Currently on display | Foyer Cabinet | Gallery of Modern Art
This display contains approximately 35 pieces of Pacific jewellery from the Gallery’s Collection and focuses on the diversity of media used by artists to create both lei and other forms of body adornment in the Pacific.
Throughout the Pacific, makers and wearers of jewellery embrace the diversity of materials available in the region. This display considers the influence of new materials brought to the Pacific and the ways in which Pacific artists deftly negotiate between natural, commercial and industrial resources, from barkcloth, crochet wool, kina shells, natural and commercial dyes to plastic soy-sauce containers and curling ribbon.
Many of these works were purchased in 2003 during the annual Pasifika Festival in Auckland, New Zealand, and the Ninth Festival of Pacific Arts, held in the Republic of Palau in 2004. Festivals provide an important platform for Pacific women whose practice might not otherwise be visible.
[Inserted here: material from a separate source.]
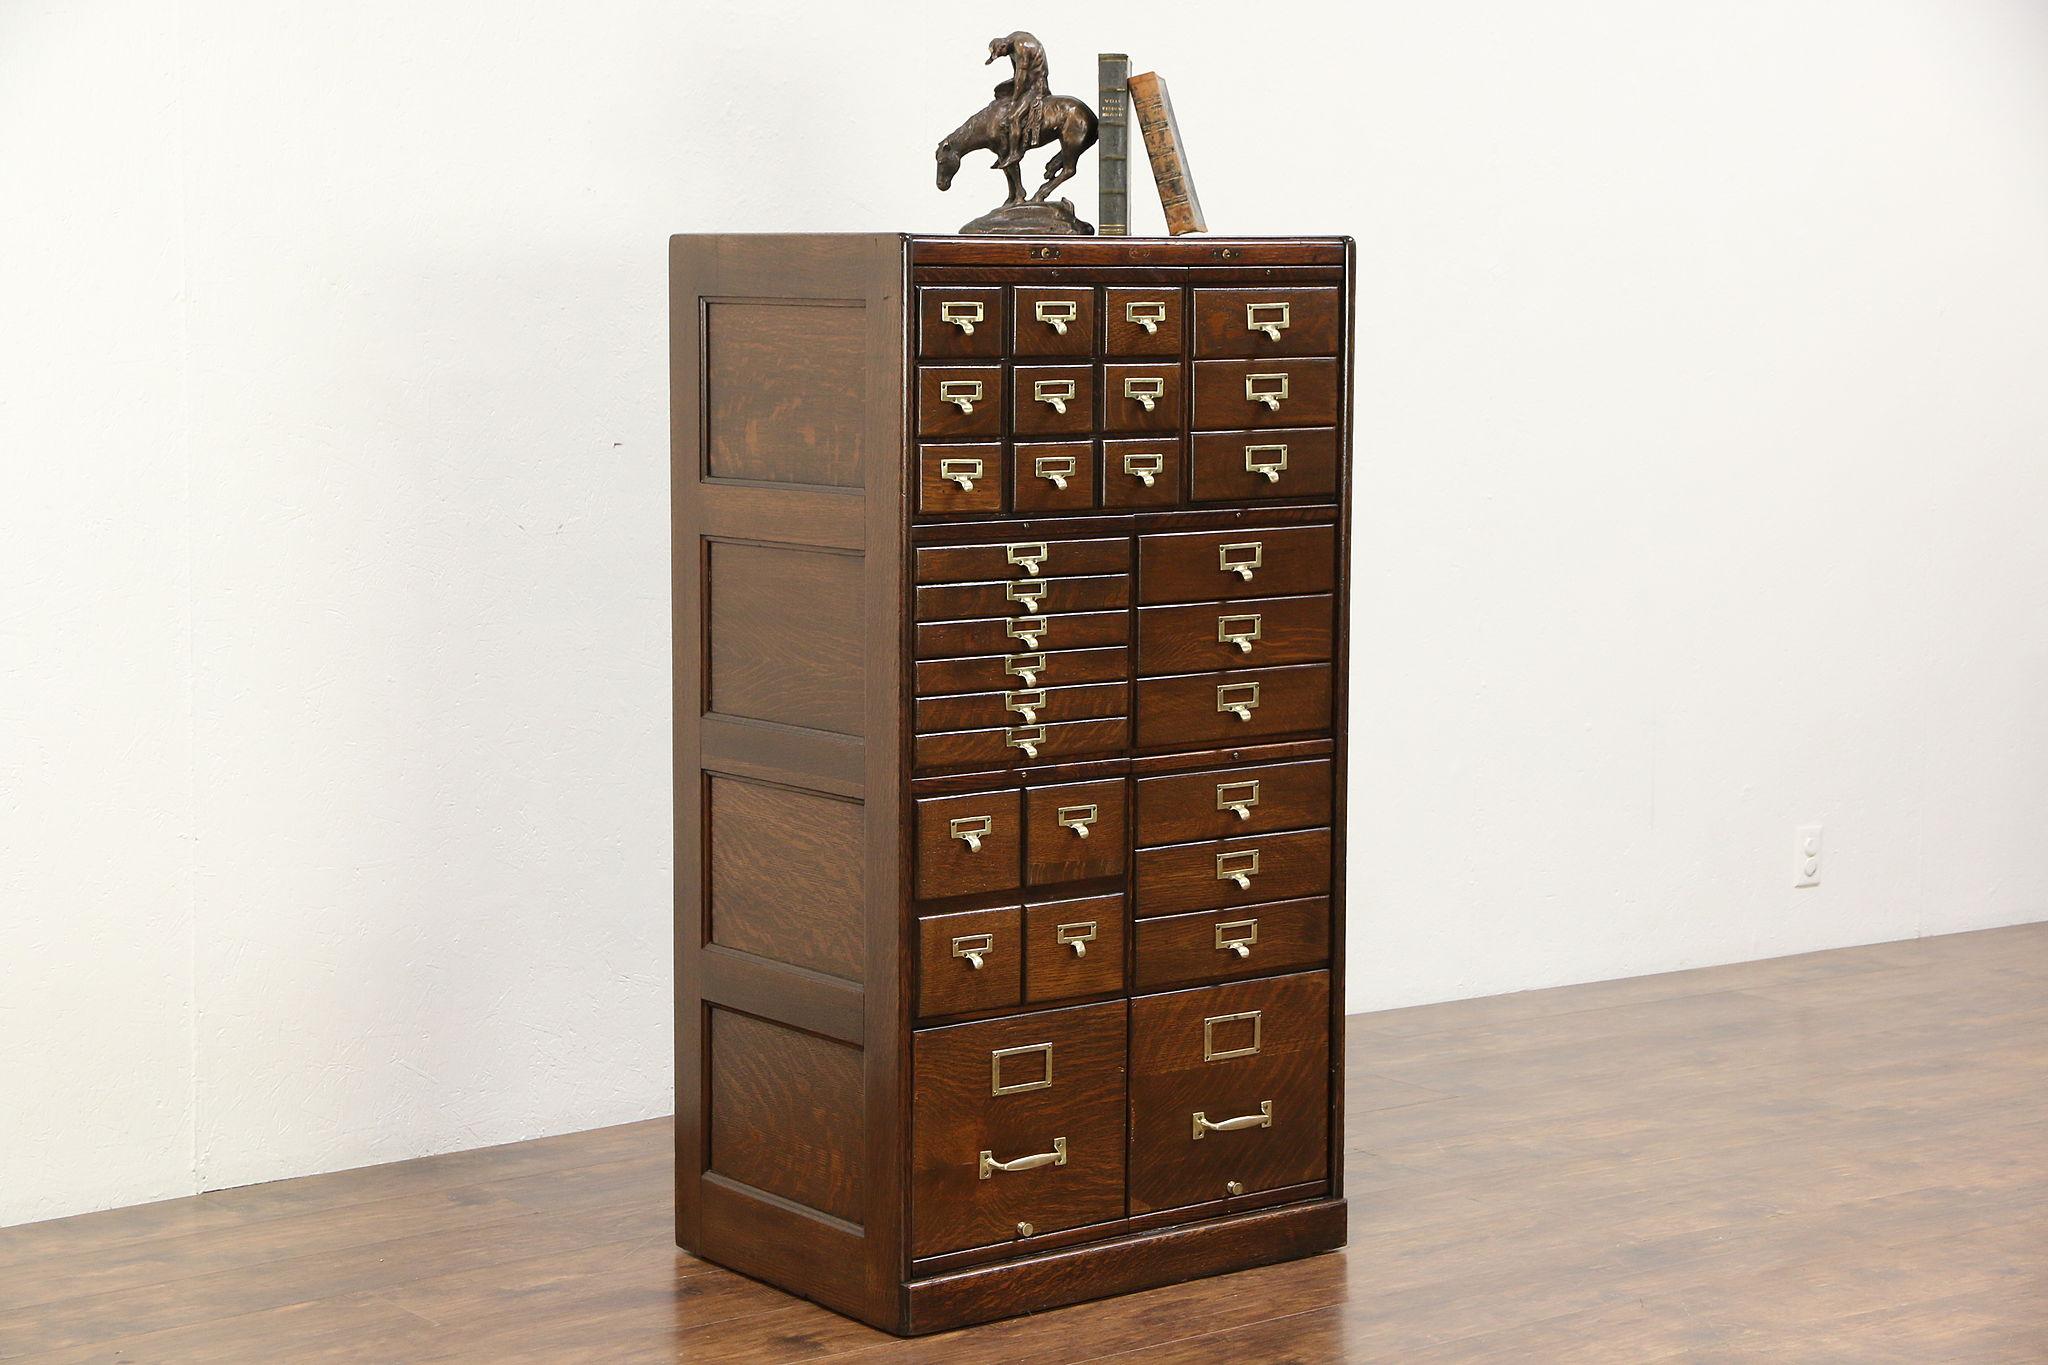 Oak 30 Drawer Antique 1915 File Cabinet, Original Brasses, Signed Macey

Lei, baskets, fans and mats are often produced specifically for a festival event and reveal interesting shifts between customary and contemporary in Pacific culture. These festivals also encourage the transfer of customary knowledge and practices to younger generations.
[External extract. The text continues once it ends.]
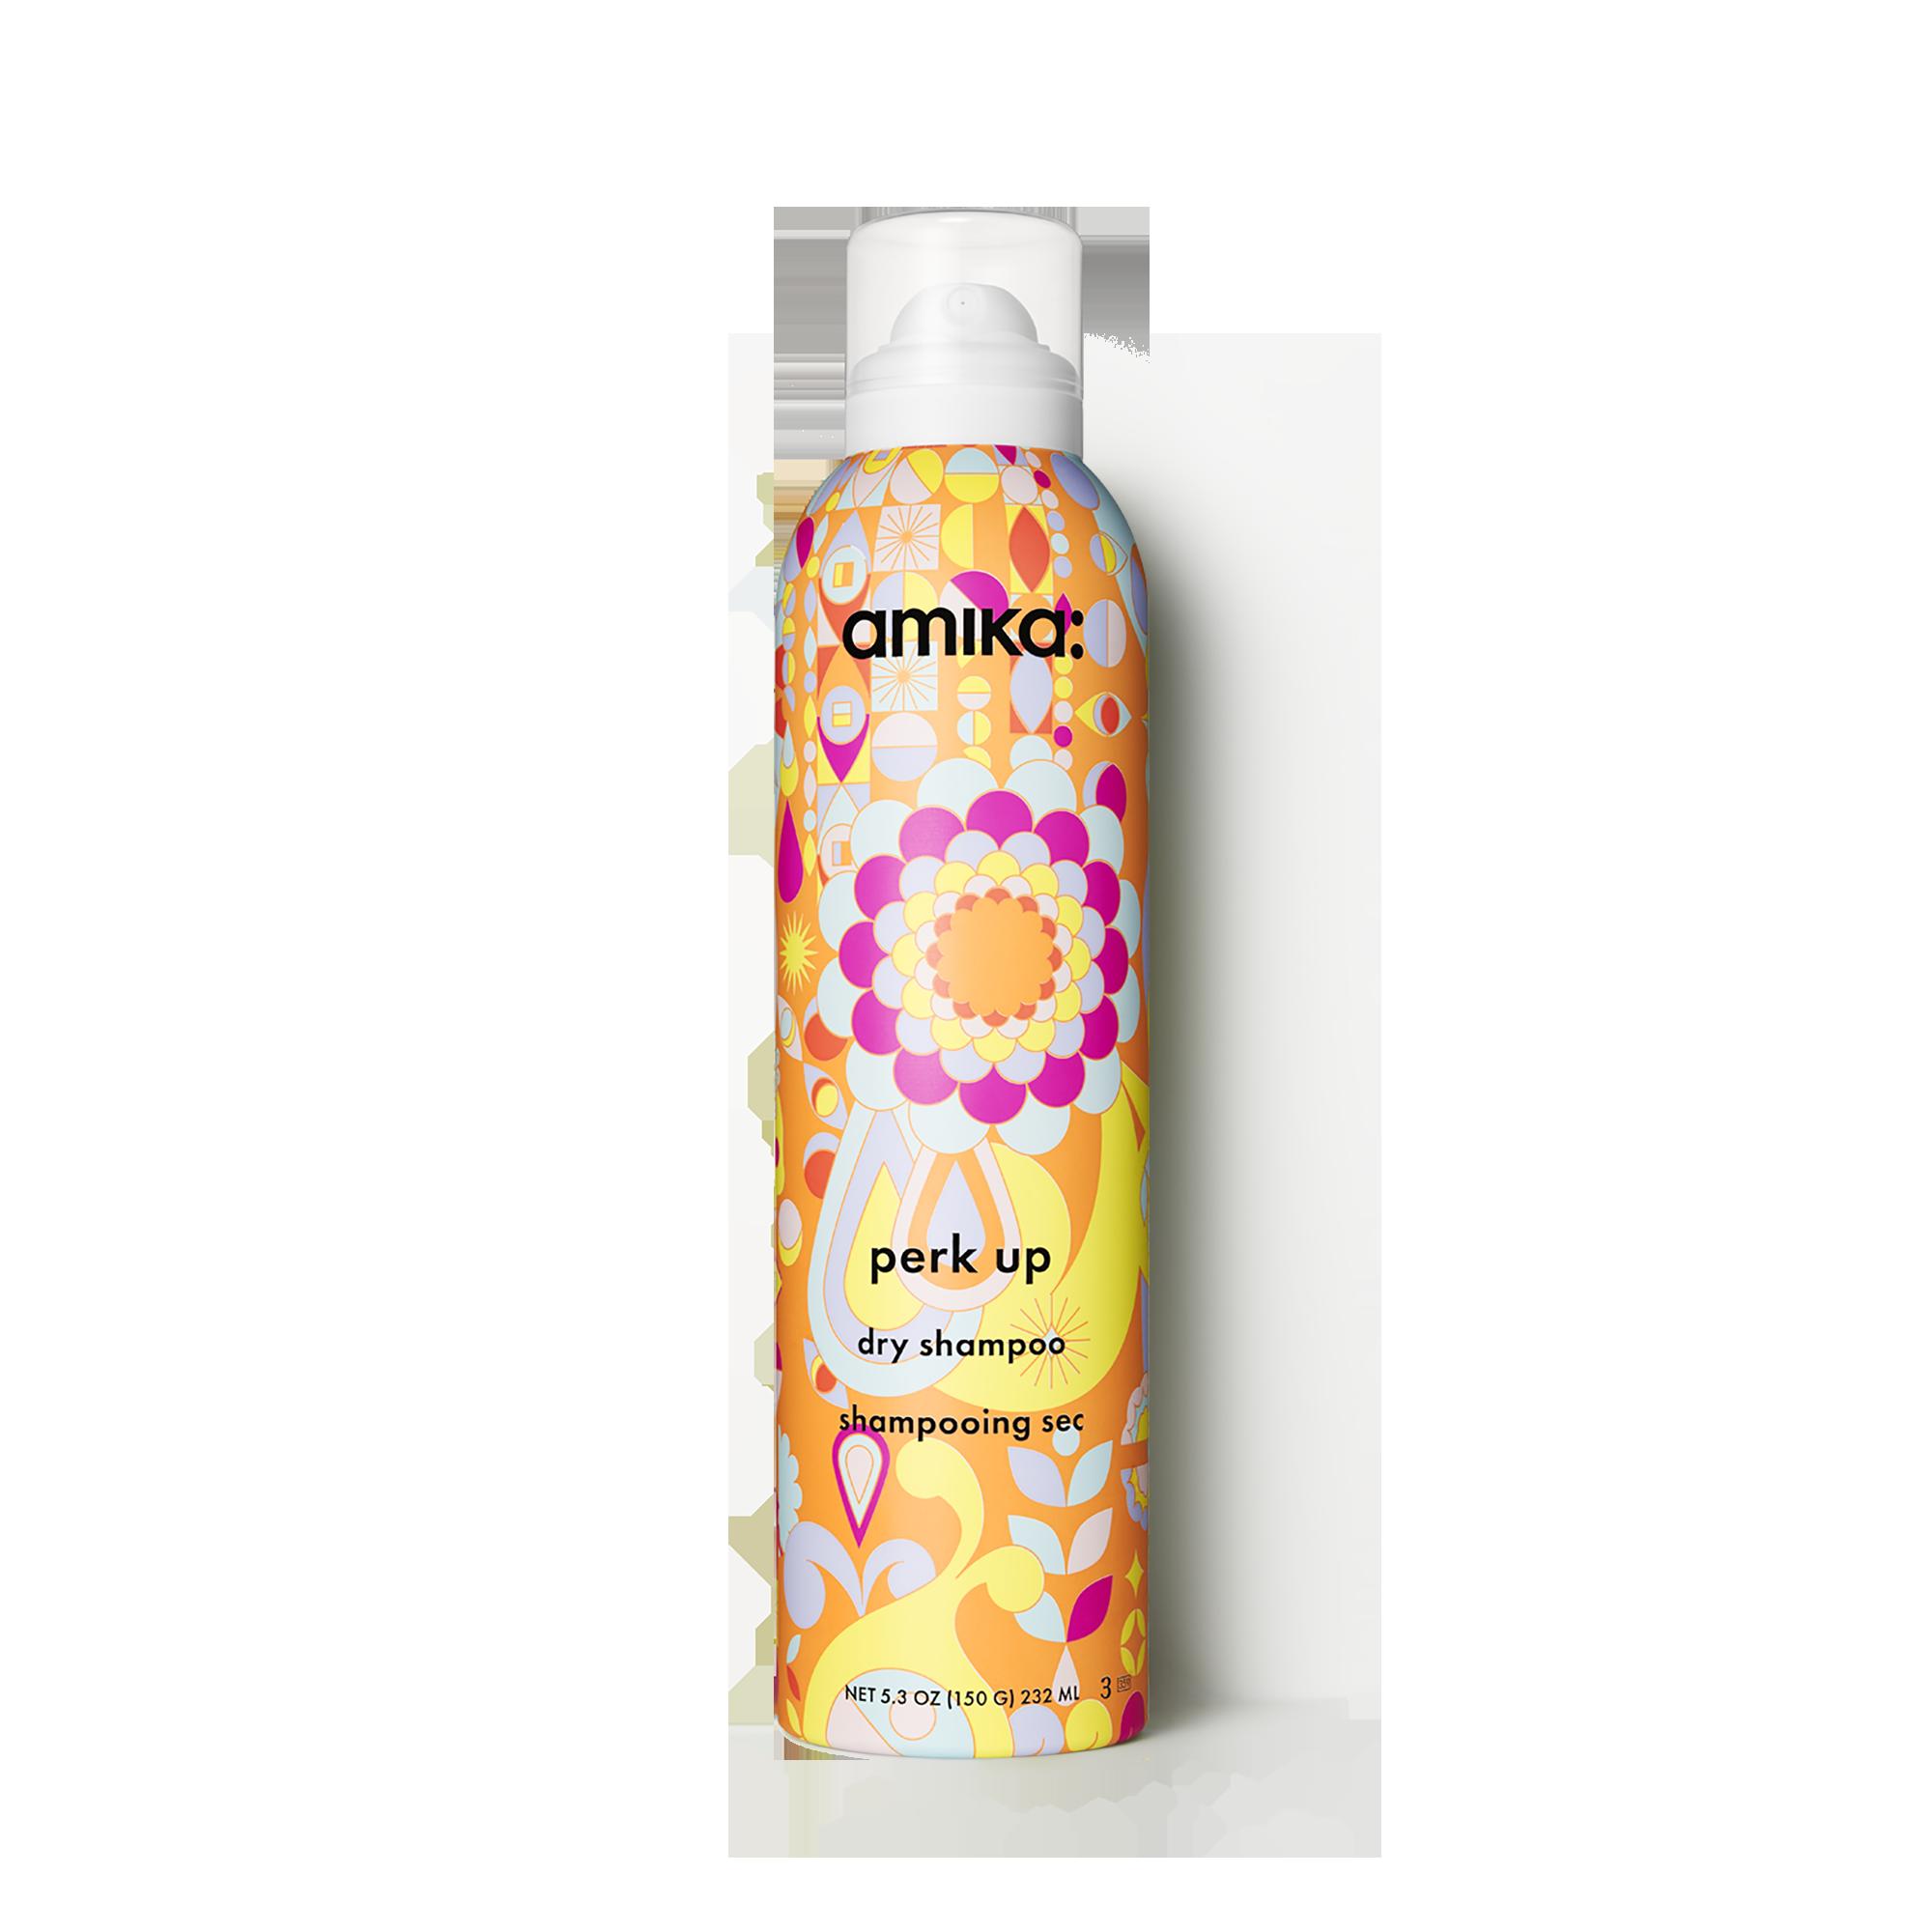 دراي شامبو Dry Shampoo Amika Perk Up

A ceremonial, celebrative and performative object, the lei has undergone many changes but retains its significance in renewing and representing culture across the Pacific diaspora. Some of these objects were produced with the idea that they are disposable, but that knowledge is both retained and gained through the making process. Other works, such as those by Sofia Tekela-Smith and Niki Hastings-McFall, who are both represented by fine art dealers, are produced with private collectors or public institutions in mind.